I just found a bug in a larger query of mine, which boils down to this simplified example:

(For the sake of the example, assume a Post can have only one, optional, Comment)

Post
|> join(:left, [p], c in assoc(p, :comment)
|> join(:inner, [p, c], u in assoc(c, :user))

The correct version uses left in both join statements.

I believe this query is wrong, because the inner join was written with the idea that a Comment will always have a User, so a join between Comment and User will always produce the same rows, whether an :inner or a :left join. However, at the SQL level it’s a huge difference whether we join

Post <<-> (Comment <-> User)
# or
(Post <<-> Comment) <-> User
# where <<-> shall denote a left join and <-> an inner join

in other words, joins of different types are not associative.

Apparently, in my case, the join pipeline boiled down to first joining Post-Comment, then User, which lead to missing result rows.

The question then is:
At the Ecto level, is this undefined behaviour, or is it just undocumented? (Or, is it documented but I could not find it?)

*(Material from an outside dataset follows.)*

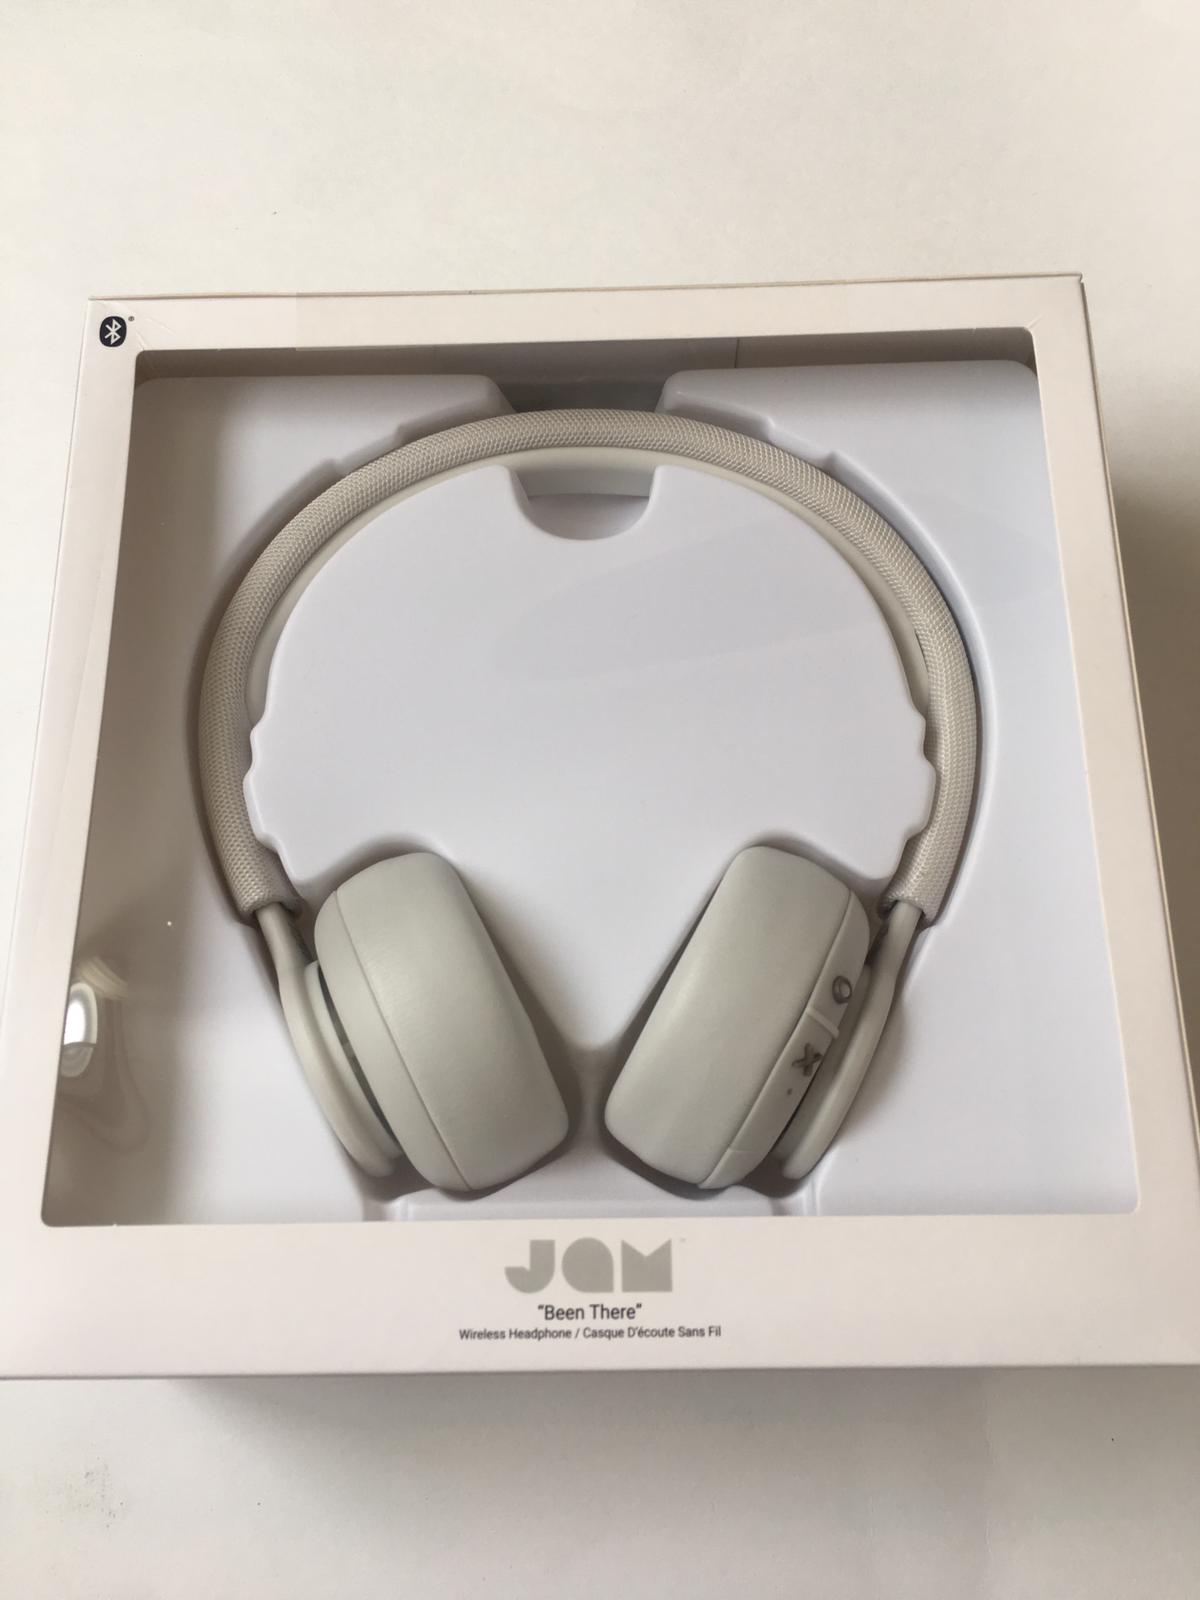 c238017ba88f 32075 - Wireless white headphones USA

Ecto.Query uses the joins you specify exactly as specified; if you say join(:inner, ...) you get INNER JOIN ... and so on.

The question was about several, mixed joins.

This is not an Ecto’s behavior but that of your SQL database (Postgres, MySQL, SQLite, etc).

Ecto is responsible for generating SQL, sending it to the database, then casting the response into data structures you’ve specified. It’s not responsible for executing the SQL statements, that’s the responsibility of the database you are connecting to.

If you run the different queries directly on your database (skipping Ecto) you will see you get the same results.

I think I can answer my question at least in part:

from(a in "a")
|> join(:left, [a], b in "b")
|> join(:inner, [a, b], c in "c")
|> select([], 1) # makes Ecto happy
|> Repo.all

produces the following SQL query:

SELECT TRUE FROM "a" AS a0 LEFT OUTER JOIN "b" AS b1 ON TRUE INNER JOIN "c" AS c2 ON TRUE

Note that there are no brackets (and if there were any, that would require an additional FROM)

This means that intuitively, the Ecto query syntax directly matches the SQL syntax, and one just needs to know that in SQL, the joins happen in this order:

(a joins b) joins c

as explained in this SO answer: https://stackoverflow.com/a/12656047

Be mindful as “brackets” at this level are not plain enforcement of precendence, but are means of defining subqueries. Those require a whole different level of understanding sql query tradeoffs.

Perhaps it helps to keep in mind that SQL is a declarative language, you are telling it you want data that conforms to the query, not how it should retrieve the data.